On Thursday, the independent advisory committee of the U.S. Food and Drug Administration (FDA) decided against recommending Lexicon Pharmaceuticals' drug, sotagliflozin, for additional treatment beyond insulin therapy for adults with Type 1 diabetes and chronic kidney disease. This marks another obstacle in the company's ongoing journey to establish itself in the market.

The panel's vote concluded with 11 members opposing and only 3 supporting the drug, indicating significant concern over its risk-benefit profile. The rejection follows a pattern set in early 2019 when the same advisory committee was divided on whether to endorse sotagliflozin for treating Type 1 diabetes. The FDA ultimately chose not to approve the drug for market release at that time.

Lexicon Pharmaceuticals did not give up and resubmitted the drug for market approval in June 2024. They aimed to get the drug approved for patients with Type 1 diabetes and chronic kidney disease, particularly those whose kidney function scores or estimated glomerular filtration rates (eGFR) ranged from 45 to less than 60, 60 to less than 90, and greater than 90.

Despite these efforts, some committee members suggested that the drug's benefits might outweigh its risks for specific patient groups, particularly those with a kidney function score of less than 60 to 90 or those with mild to moderate kidney disease.
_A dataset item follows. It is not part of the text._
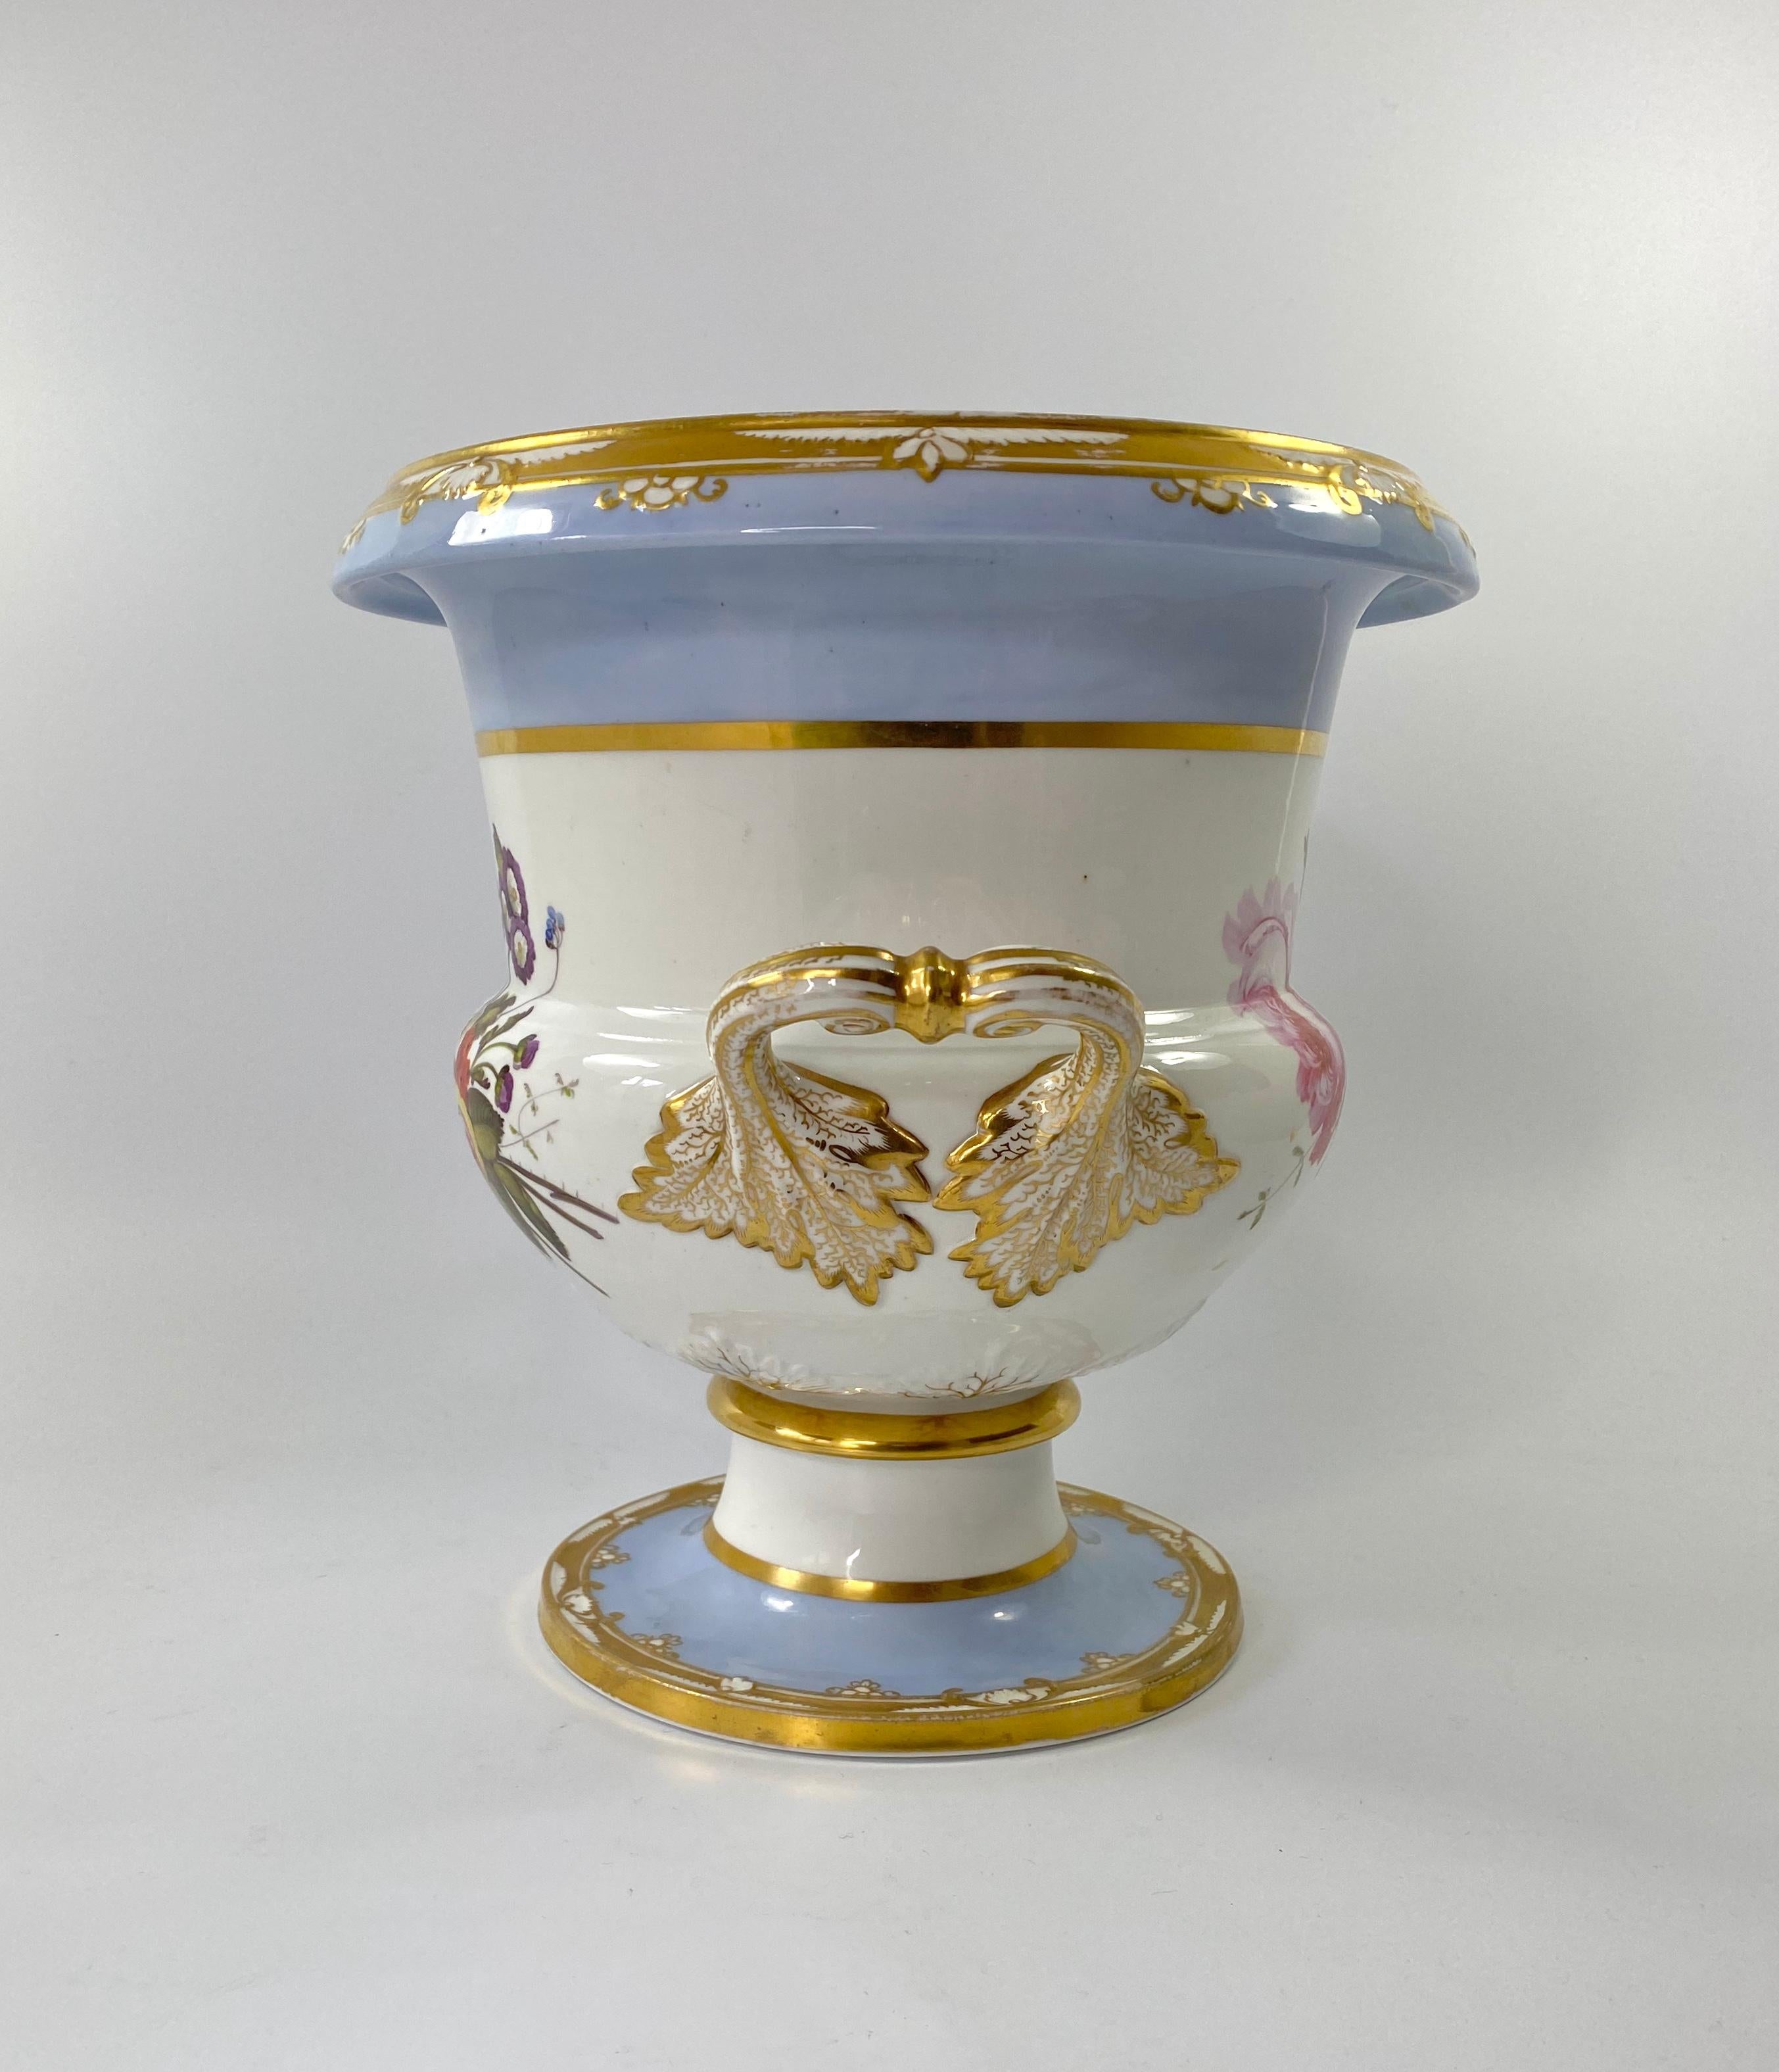 Early 19th Century Pair of Large Spode Porcelain Ice Pails, C. 1820

However, concerns were raised about the lack of sufficient clinical data to back these claims. The committee members pointed out the absence of prospective studies targeting the patient subgroups that might benefit the most from the drug.
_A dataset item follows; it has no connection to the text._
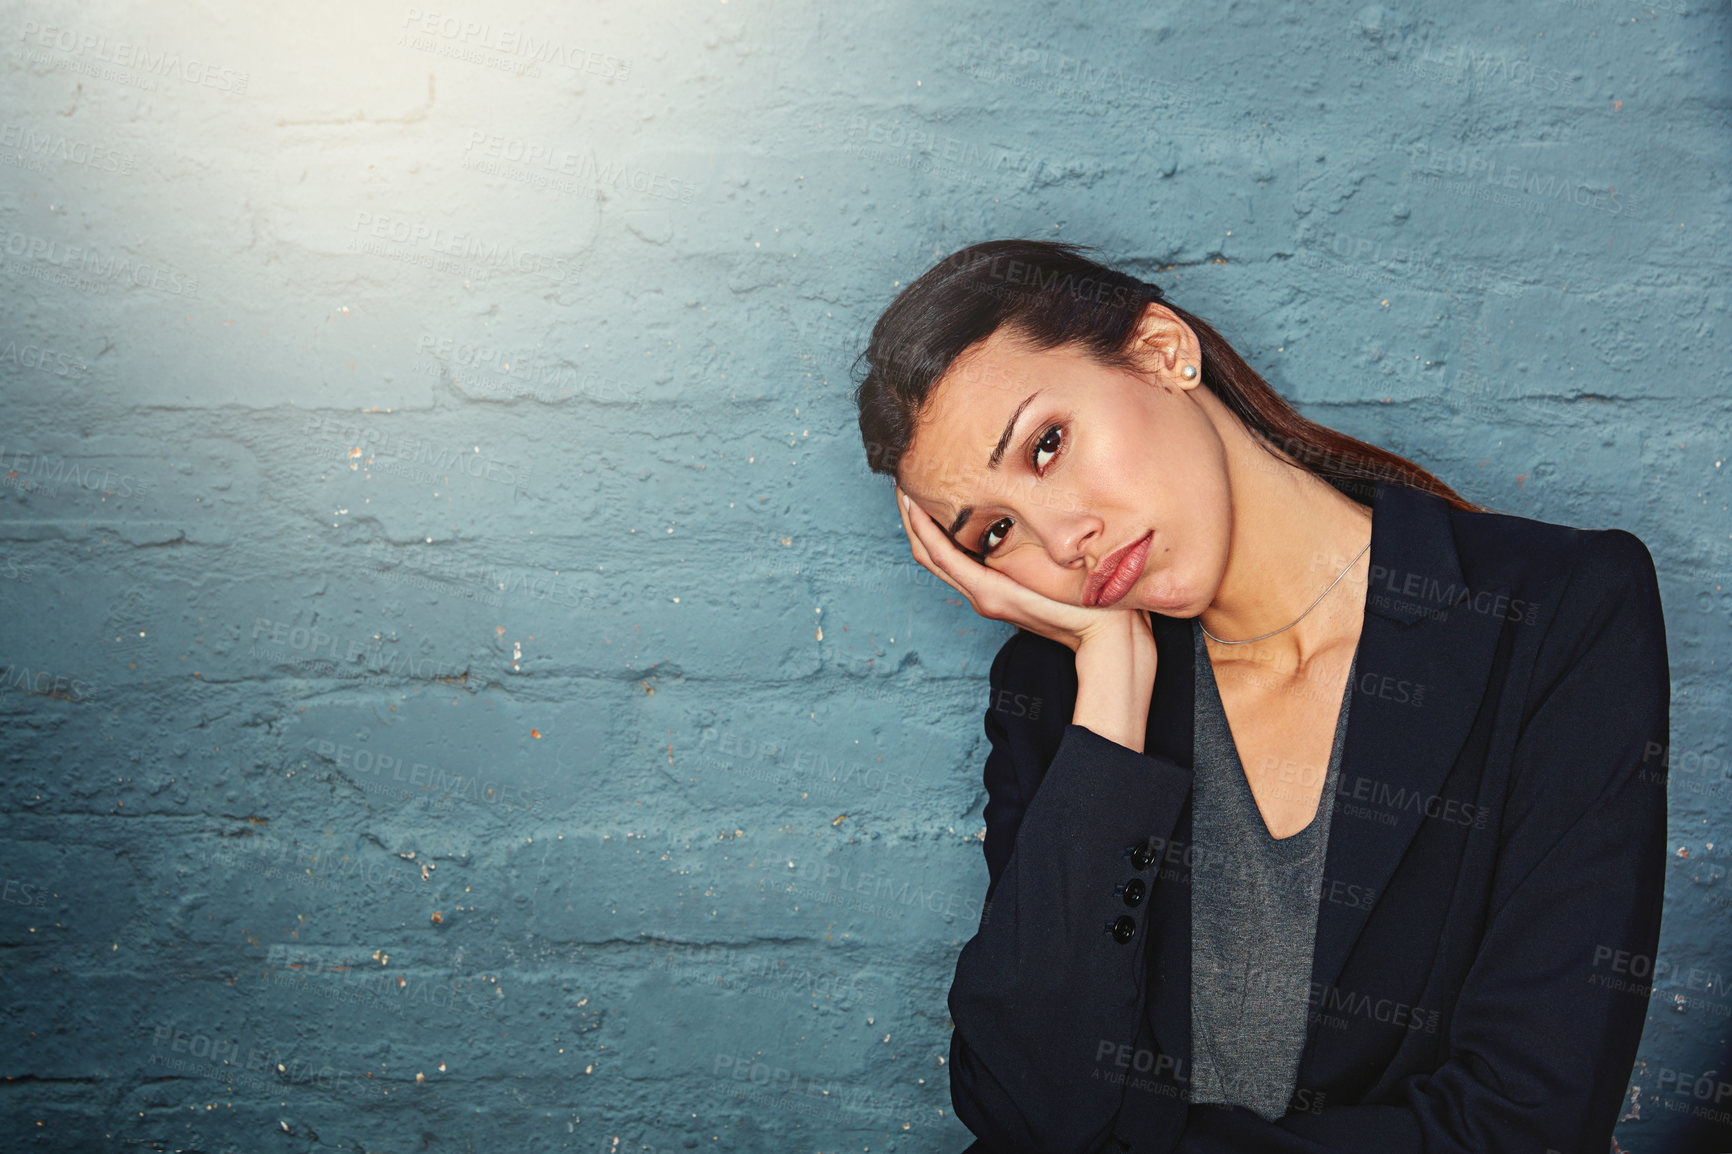 Buy stock photo Portrait of a overworked businesswoman posing against a brick wall

One of the committee members, Cecilia Wang, who voted against the drug, expressed her reluctance but felt compelled by the nature of the issue and the unique population involved. "I wished I could have voted for it. I didn't vote for it because the nature of the issue is very special, and the population involved is extremely special... If the issue involved people aged 60 to 90, my position might have been different," Wang stated, highlighting her skepticism about the data concerning people aged 60 to less than 90.

She emphasized the limited number of relevant data points, stating, "The numbers are very limited. With the scarcity of relevant data, it's really hard for me to vote in favor of approving a new drug." This sentiment was echoed by other committee members who expressed disappointment over the lack of robust clinical evidence to support the drug's approval.

The committee's decision deals a significant blow to Lexicon Pharmaceuticals' aspirations of entering the market with sotagliflozin as an additional treatment option for adults with Type 1 diabetes and chronic kidney disease. Despite the setback, the company may need to gather more comprehensive clinical data to address the concerns raised by the FDA's advisory committee and possibly consider resubmitting the drug for approval in the future.